OpenControl.ADP_control

Package Contents

Classes

LTI

This class present state-space LTI system.

NonLin

This class represent non-linear system by ODEs.

LTIController

This present continuous controller for LTI System

NonLinController

This present continuous controller for Non-Linear System

Logger

Real-time visualize simulation results, using Tensorboard

class OpenControl.ADP_control.LTI(A, B, C=1, D=0)

This class present state-space LTI system.

dimension

(n_state, n_input).

Type

tuple

model

{A, B, C, D, dimension}.

Type

dict

max_step

define max step for ODEs solver algorithms. Defaults to 1e-3.

Type

float, optional

algo

RK45, RK23 or DOP853 . Defaults to ‘RK45’.

Type

str, optional

t_sim

time for simualtion (start, stop). Defaults to (0,10).

Type

tuple, optional

x0

the initial state. Defaults to np.ones((n,)).

Type

1xn array, optional

sample_time

the sample time. Defaults to 1e-2.

Type

float, optional

_check_model(self)
setSimulationParam(self, max_step=0.001, algo='RK45', t_sim=(0, 10), x0=None, sample_time=0.01)
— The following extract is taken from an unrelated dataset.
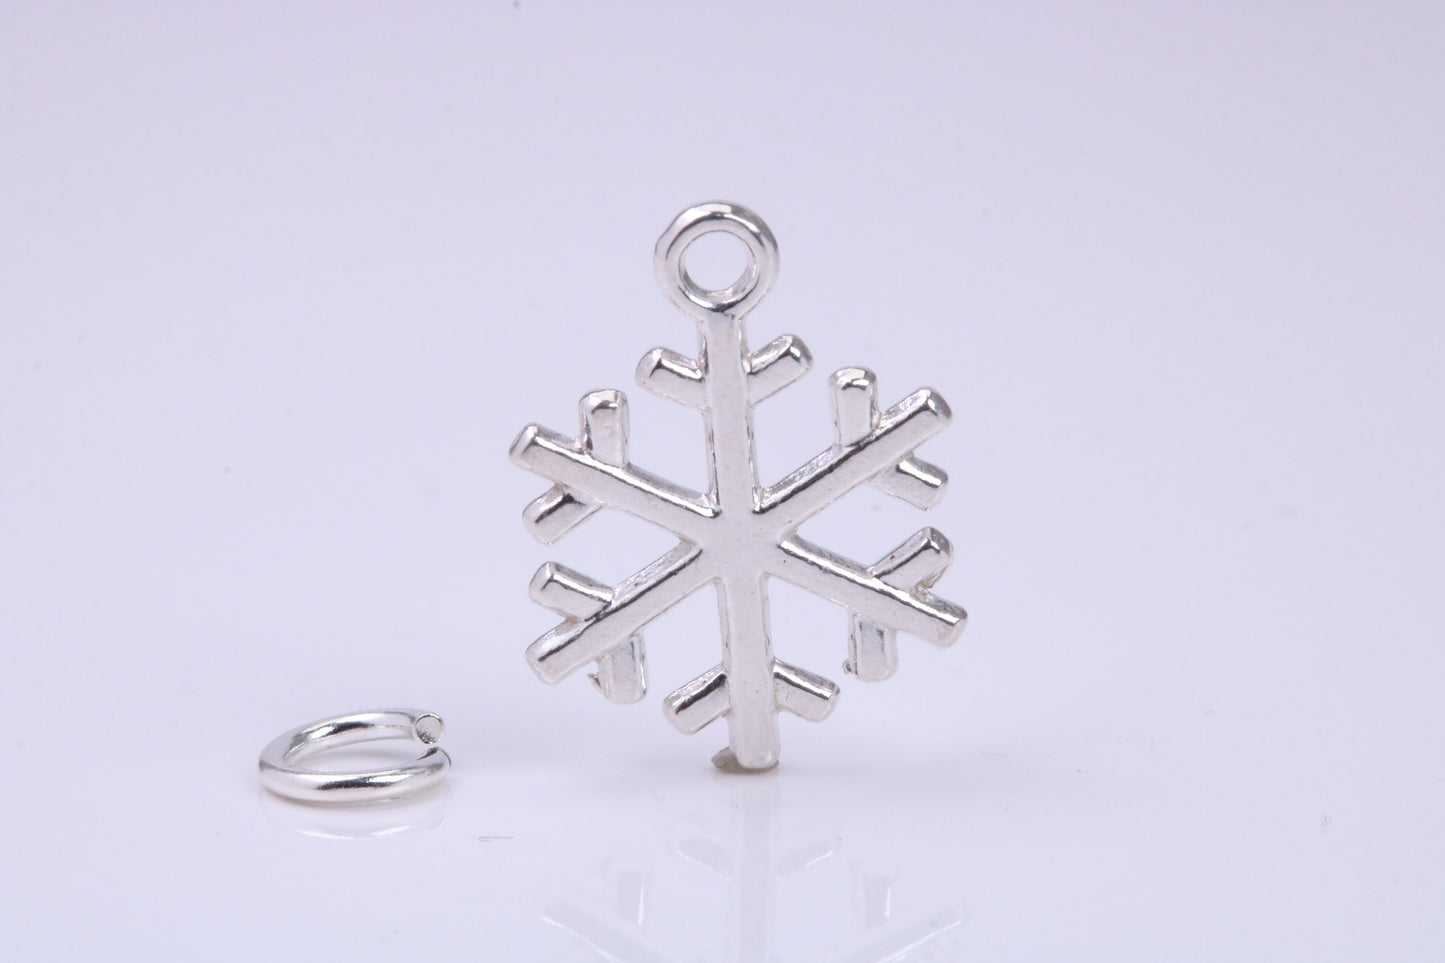 Snow Flake Charm, Traditional Charm, Made from Solid 925 Grade Sterling Silver, Complete with Attachment Link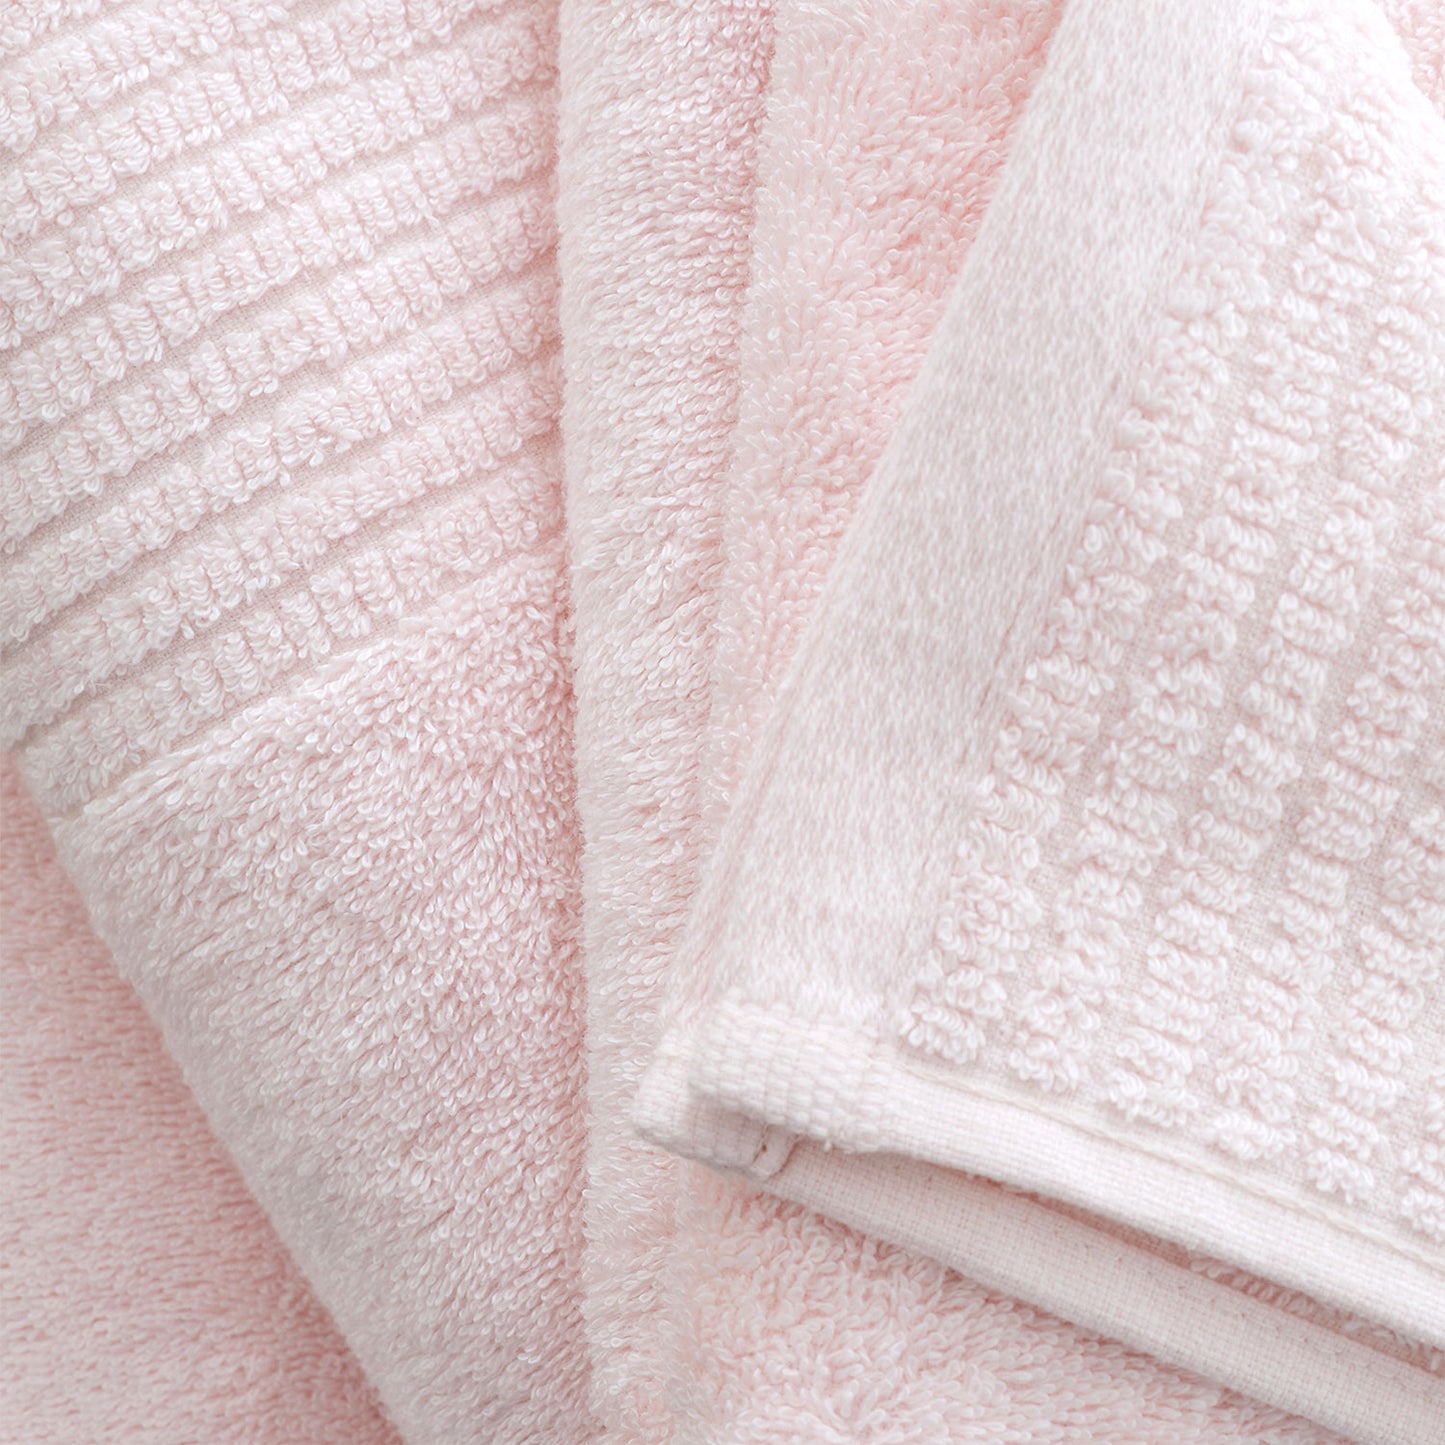 Bianca Pink Egyptian Cotton Towels

Run this function before any simulations

Parameters
  • max_step (float, optional) – define max step for ODEs solver algorithms. Defaults to 1e-3.

  • algo (str, optional) – RK45, RK23 or DOP853 . Defaults to ‘RK45’.

  • t_sim (tuple, optional) – time for simualtion (start, stop). Defaults to (0,10).

  • x0 (1xn array, optional) – the initial state. Defaults to np.ones((n,)).

  • sample_time (float, optional) – the sample time. Defaults to 1e-2.

integrate(self, x0, u, t_span)
class OpenControl.ADP_control.NonLin(dot_x, dimension)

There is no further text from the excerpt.